## ABOUT THIS TASK
Reproduce exactly the lines below from the one containing "Esto es lo que" through the one containing "Black Leather Phone", including both, and nothing else.

Dataset records
-.-.-

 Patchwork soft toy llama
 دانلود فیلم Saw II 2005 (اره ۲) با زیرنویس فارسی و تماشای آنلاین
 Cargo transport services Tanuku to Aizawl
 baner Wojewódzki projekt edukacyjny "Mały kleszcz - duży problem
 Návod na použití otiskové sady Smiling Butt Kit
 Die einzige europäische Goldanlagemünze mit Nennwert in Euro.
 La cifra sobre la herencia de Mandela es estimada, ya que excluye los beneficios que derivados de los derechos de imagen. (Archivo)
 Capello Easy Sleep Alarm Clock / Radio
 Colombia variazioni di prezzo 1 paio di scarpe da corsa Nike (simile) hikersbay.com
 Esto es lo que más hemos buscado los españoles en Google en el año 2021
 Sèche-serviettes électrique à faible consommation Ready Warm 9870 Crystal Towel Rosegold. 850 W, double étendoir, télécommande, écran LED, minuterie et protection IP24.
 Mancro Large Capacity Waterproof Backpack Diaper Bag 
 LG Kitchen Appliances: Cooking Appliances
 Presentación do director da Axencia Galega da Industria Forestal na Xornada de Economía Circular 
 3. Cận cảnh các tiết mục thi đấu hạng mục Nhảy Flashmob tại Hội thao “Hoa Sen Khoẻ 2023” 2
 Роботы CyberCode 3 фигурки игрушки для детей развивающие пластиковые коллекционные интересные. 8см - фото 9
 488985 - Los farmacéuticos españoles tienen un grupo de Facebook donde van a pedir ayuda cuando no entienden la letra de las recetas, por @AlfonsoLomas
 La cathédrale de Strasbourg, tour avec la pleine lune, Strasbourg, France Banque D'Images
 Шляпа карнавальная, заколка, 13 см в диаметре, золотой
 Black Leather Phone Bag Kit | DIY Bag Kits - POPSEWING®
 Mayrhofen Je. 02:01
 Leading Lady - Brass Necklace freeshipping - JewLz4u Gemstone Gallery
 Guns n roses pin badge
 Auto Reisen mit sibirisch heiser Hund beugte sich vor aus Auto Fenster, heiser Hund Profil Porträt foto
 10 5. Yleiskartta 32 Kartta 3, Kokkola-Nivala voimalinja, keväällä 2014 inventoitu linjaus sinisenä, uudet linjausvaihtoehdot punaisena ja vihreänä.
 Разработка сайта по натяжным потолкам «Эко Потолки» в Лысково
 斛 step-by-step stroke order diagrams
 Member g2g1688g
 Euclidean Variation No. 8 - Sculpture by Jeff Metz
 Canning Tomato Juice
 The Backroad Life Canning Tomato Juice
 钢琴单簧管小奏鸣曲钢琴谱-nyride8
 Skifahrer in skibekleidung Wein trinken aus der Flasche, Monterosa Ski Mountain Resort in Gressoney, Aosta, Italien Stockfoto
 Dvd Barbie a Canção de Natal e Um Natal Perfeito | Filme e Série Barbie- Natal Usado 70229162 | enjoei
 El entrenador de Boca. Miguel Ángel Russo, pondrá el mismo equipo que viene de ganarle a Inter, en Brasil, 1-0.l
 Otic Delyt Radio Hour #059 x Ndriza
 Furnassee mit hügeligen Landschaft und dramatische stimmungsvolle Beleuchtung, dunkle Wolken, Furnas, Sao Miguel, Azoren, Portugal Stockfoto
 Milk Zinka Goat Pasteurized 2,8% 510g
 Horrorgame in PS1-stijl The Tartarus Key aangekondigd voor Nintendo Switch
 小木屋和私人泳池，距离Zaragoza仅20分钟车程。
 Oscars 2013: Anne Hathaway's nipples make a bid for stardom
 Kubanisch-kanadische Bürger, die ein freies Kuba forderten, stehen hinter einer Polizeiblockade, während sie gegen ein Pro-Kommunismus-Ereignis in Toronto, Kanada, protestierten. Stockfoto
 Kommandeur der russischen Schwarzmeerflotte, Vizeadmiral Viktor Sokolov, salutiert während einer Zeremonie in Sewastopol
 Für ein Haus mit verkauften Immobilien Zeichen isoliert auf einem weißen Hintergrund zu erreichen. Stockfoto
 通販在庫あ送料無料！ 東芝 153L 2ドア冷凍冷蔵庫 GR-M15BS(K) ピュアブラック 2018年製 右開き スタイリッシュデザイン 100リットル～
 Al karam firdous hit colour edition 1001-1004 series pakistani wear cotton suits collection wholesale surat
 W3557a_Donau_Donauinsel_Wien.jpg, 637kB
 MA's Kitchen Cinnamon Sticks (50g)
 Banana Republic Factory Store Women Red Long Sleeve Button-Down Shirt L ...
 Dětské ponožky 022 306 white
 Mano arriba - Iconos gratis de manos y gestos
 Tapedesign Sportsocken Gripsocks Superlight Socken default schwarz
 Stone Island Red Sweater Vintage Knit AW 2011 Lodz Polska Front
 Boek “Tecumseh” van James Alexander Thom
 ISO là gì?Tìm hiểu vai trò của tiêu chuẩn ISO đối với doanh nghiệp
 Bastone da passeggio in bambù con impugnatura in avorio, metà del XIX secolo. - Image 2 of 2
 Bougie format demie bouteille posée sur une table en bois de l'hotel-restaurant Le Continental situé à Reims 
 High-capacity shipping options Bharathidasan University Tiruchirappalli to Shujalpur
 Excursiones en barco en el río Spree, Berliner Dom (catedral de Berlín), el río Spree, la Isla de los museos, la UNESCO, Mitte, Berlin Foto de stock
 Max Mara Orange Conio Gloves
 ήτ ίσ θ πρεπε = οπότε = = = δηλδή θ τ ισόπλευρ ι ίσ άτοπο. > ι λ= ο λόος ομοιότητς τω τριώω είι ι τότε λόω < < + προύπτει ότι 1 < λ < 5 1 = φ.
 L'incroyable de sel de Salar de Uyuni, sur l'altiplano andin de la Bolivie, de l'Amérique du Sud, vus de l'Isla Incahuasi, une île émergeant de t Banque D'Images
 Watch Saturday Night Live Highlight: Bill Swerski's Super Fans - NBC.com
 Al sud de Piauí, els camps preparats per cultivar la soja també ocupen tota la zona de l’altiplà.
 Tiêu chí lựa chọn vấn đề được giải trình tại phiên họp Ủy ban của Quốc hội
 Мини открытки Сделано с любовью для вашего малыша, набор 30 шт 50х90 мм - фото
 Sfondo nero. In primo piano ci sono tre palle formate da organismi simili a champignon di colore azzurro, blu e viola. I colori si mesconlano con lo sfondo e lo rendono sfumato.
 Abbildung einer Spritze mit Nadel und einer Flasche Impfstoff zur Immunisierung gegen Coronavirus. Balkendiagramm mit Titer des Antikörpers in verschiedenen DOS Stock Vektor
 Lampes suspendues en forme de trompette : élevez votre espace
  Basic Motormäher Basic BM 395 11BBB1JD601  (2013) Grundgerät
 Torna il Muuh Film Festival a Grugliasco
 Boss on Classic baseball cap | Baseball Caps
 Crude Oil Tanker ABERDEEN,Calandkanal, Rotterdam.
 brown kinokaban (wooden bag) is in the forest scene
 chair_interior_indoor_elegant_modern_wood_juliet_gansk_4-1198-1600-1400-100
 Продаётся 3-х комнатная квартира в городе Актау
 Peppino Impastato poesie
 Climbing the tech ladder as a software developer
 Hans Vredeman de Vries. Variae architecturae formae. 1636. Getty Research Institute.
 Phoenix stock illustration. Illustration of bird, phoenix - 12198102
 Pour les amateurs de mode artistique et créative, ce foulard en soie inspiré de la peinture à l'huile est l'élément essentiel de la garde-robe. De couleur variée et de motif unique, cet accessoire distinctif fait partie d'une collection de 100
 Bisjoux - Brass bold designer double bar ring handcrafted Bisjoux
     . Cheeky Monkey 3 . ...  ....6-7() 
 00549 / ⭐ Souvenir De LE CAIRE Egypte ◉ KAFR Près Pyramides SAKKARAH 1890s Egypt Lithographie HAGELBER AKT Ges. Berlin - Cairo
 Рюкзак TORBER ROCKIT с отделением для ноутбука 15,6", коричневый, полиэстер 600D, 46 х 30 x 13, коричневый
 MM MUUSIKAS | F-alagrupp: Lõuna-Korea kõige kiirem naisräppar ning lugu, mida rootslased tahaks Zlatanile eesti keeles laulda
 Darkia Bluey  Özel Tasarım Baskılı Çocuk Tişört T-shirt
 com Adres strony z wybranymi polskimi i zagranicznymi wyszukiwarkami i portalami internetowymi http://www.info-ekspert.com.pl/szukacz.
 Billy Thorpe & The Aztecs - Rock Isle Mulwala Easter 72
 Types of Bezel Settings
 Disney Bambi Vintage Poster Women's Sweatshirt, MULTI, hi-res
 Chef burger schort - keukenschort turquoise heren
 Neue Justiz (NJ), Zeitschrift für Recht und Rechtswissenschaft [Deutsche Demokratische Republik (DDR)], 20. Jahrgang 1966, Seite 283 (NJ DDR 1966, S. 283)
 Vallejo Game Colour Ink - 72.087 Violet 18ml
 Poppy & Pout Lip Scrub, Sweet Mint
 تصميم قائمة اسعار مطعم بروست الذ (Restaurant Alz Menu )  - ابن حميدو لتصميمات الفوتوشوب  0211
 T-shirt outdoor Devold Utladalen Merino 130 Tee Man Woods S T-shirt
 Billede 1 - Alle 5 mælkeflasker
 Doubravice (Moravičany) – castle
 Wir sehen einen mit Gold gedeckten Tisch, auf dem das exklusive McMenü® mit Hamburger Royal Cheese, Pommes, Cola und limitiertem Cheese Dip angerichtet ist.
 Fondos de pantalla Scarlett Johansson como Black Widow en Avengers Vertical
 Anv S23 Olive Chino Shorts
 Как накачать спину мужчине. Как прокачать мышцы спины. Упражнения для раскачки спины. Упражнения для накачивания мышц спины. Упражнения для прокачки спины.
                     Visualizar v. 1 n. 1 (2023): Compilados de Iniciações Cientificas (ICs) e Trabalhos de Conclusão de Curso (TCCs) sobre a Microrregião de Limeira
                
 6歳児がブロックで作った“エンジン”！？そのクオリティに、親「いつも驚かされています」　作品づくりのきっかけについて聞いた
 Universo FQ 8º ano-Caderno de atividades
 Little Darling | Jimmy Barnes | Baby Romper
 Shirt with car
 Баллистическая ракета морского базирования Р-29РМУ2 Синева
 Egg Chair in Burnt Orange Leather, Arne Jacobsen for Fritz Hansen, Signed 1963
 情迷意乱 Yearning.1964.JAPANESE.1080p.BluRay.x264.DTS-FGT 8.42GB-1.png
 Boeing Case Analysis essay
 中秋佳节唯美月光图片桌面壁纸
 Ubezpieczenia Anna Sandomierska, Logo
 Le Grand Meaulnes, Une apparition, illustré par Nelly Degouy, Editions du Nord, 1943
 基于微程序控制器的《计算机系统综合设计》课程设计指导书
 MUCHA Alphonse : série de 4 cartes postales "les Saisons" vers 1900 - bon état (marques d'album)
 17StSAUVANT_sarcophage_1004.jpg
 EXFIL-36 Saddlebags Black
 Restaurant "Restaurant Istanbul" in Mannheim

-.-.-

## TASK RESULT
 Esto es lo que más hemos buscado los españoles en Google en el año 2021
 Sèche-serviettes électrique à faible consommation Ready Warm 9870 Crystal Towel Rosegold. 850 W, double étendoir, télécommande, écran LED, minuterie et protection IP24.
 Mancro Large Capacity Waterproof Backpack Diaper Bag 
 LG Kitchen Appliances: Cooking Appliances
 Presentación do director da Axencia Galega da Industria Forestal na Xornada de Economía Circular 
 3. Cận cảnh các tiết mục thi đấu hạng mục Nhảy Flashmob tại Hội thao “Hoa Sen Khoẻ 2023” 2
 Роботы CyberCode 3 фигурки игрушки для детей развивающие пластиковые коллекционные интересные. 8см - фото 9
 488985 - Los farmacéuticos españoles tienen un grupo de Facebook donde van a pedir ayuda cuando no entienden la letra de las recetas, por @AlfonsoLomas
 La cathédrale de Strasbourg, tour avec la pleine lune, Strasbourg, France Banque D'Images
 Шляпа карнавальная, заколка, 13 см в диаметре, золотой
 Black Leather Phone Bag Kit | DIY Bag Kits - POPSEWING®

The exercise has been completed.